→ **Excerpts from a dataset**
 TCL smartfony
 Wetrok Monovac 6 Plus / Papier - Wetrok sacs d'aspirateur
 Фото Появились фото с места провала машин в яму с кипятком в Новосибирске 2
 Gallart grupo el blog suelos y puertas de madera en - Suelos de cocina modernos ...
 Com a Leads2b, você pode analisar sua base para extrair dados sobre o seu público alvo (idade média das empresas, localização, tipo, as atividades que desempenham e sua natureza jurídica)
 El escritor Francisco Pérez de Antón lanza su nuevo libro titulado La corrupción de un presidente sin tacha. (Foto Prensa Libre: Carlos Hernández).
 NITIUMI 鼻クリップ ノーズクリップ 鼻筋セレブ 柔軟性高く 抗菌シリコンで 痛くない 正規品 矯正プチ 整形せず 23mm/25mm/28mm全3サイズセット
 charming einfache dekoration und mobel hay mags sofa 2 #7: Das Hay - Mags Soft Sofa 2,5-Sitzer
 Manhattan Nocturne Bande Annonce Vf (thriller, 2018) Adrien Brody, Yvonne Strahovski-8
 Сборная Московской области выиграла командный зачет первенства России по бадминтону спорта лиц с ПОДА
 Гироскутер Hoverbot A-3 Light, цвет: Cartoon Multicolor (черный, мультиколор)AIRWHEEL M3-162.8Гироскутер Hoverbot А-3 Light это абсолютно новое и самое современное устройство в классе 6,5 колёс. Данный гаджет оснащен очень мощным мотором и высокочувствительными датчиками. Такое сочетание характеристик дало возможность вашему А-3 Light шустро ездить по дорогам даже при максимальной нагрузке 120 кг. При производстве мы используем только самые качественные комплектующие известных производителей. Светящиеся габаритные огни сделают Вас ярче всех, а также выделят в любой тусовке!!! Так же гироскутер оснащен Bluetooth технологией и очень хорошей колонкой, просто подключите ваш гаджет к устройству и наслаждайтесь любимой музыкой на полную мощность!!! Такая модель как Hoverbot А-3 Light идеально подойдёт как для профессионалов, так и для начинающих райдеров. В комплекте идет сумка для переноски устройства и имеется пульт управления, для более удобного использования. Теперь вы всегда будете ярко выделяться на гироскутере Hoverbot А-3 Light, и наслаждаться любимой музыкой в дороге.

→ **What needs to be done**
Look above for the line with "charming einfache dekoration" and the line with "Сборная Московской области". Write out those two lines and all the lines between them, exactly, and no others.

→ **Output below**
 charming einfache dekoration und mobel hay mags sofa 2 #7: Das Hay - Mags Soft Sofa 2,5-Sitzer
 Manhattan Nocturne Bande Annonce Vf (thriller, 2018) Adrien Brody, Yvonne Strahovski-8
 Сборная Московской области выиграла командный зачет первенства России по бадминтону спорта лиц с ПОДА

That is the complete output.